Оставить Коула в прошлом, вернуться к прежней жизни ― лишь я и Эмми, вдвоем против всего мира. Раньше нам никто не был нужен. Не будет и сейчас.
Эмми уже сухая, и я торопливо начинаю натягивать на нее одежду.
― Думаешь, он все еще грустит, потому что у него больше нет маленькой девочки? ― спрашивает она, держась за мое плечо, просовывая ноги в штанишки.
Нет необходимости спрашивать, о ком она говорит, но мне очень любопытно знать, почему она думает о нем. Кажется, Коул имеет влияние на все семейство.
― Вероятно, он всегда будет грустить, но это не ее вина. Просто это означает, что он любил ее слишком сильно.
Эмми ухмыляется.
― Ты заставляешь его перестать грустить.
― Почему ты так говоришь?
― Мамочка, он смотрит на тебя иначе. Хочет тебя поцеловать. Точно говорю, ― хихикает она, снова становясь маленькой девочкой. ― Мамочка и Коул сидят на дереве, це-е-елу-у-у-ясь, ― поет она.
― Не думаю, что мамочка и Коул в скором времени будут целоваться, ― говорю я, пропихивая ее голову в пижаму.
― Но ты этого хочешь.
― Нет, не хочу.
Она снова хихикает.
― Может, если ты поцелуешь его, то тоже будешь счастлива.
― Кажется, ты считала поцелуи мальчиков неприличными, ― напоминаю я о ее отношении к сильному полу в той, далекой, жизни.
― Не для больших девочек. Для больших девочек они волшебные.
Я беру ее на руки, и она обвивает мою шею руками.
― Единственные волшебные поцелуи, что мне известны, ― вот эти, ― я целую ее лицо, волосы, и тема исчерпана.
Надеюсь, в отличие от меня, она сможет выбросить это из головы. Выбросить из головы его.
⌘⌘⌘⌘⌘
Я завидую способности Эмми быстро засыпать. Надеюсь, это означает, что, несмотря на все беспокойство и вопросы, мысли ее по большей части беззаботны. Мне же, напротив, они не дают уснуть. Я все еще сижу в темноте, завернувшись в одеяло, глядя на пустой камин, размышляя. Только поэтому я слышу мягкий стук. Если бы я находилась в другом месте, а не в нескольких шагах от входной двери, то никогда бы его не услышала.

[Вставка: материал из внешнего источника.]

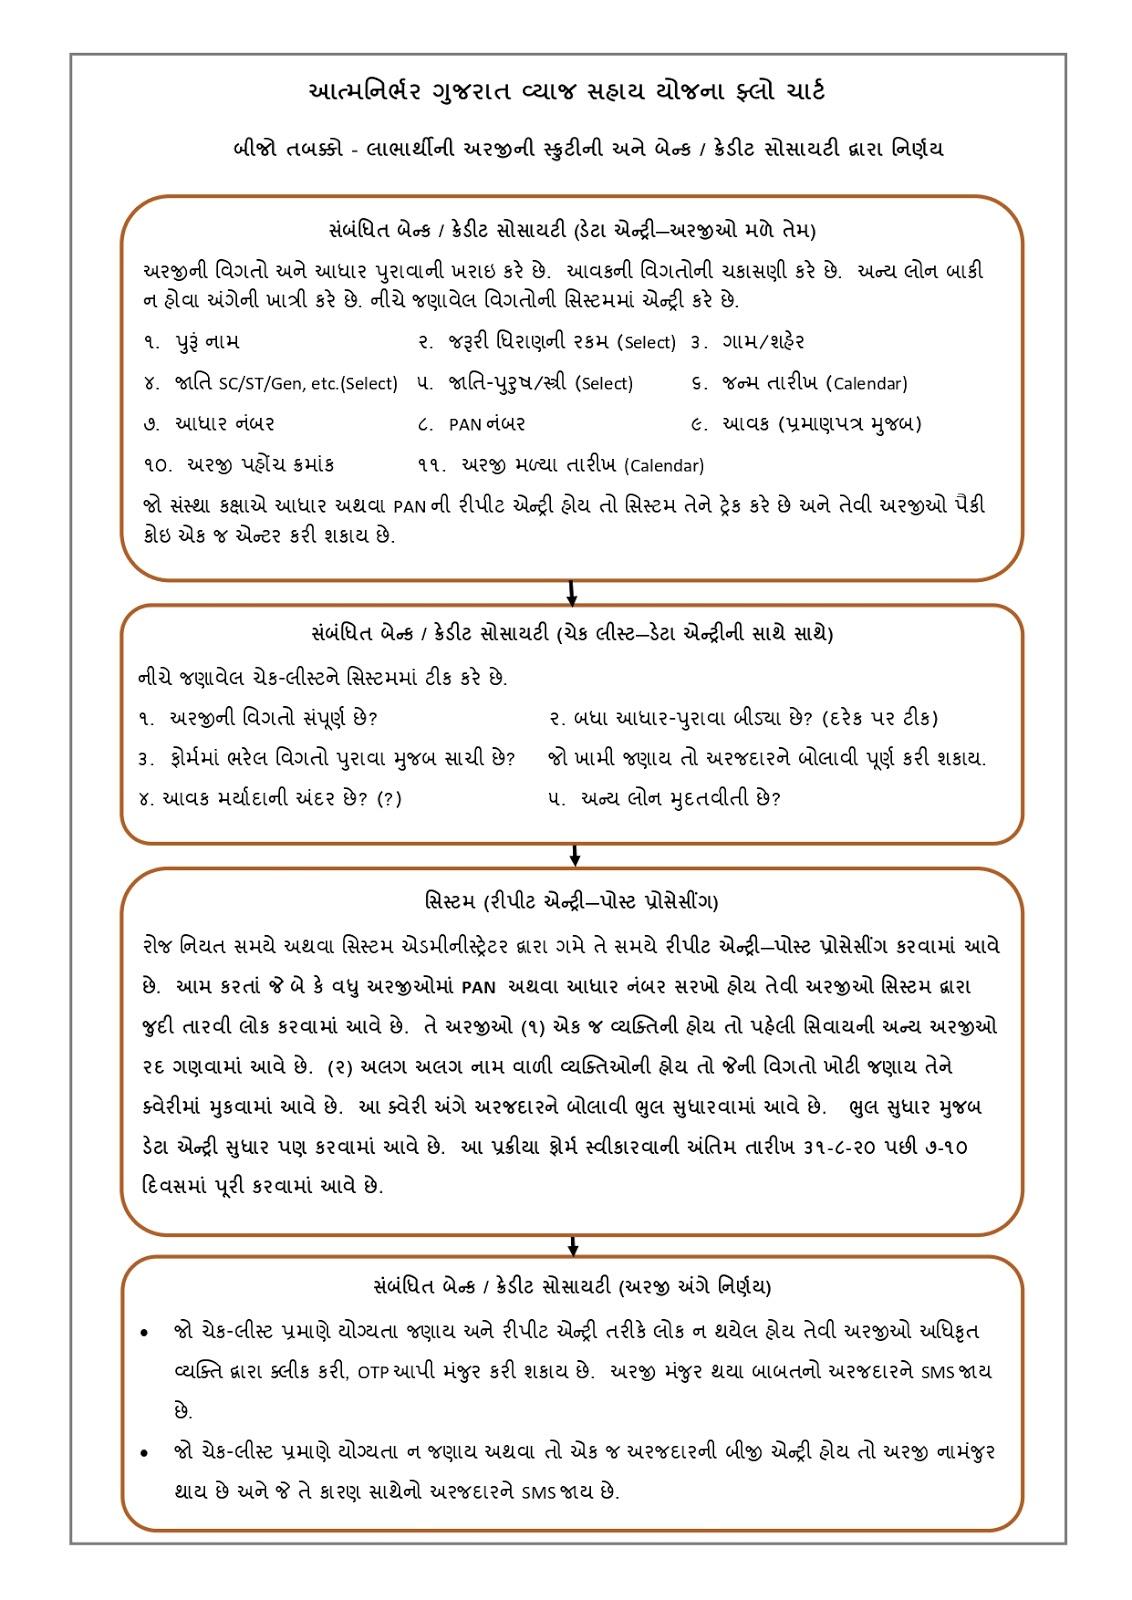 Atmanirbhar Gujarat Sahay Yojana (AGSY) 2020 Form Download

Внутри все сжимается, и, повернувшись к источнику раздражающего звука, я спорю с собой, ответить или притвориться, что я уже в кровати. Наконец, на цыпочках иду к двери; прижимаюсь к ней ухом, чтобы понять, если мой полночный гость уйдет. Я слышу едва различимый царапающий звук, будто грубая ладонь трется о дерево между нами.
― Иден, ― произносит хриплый голос.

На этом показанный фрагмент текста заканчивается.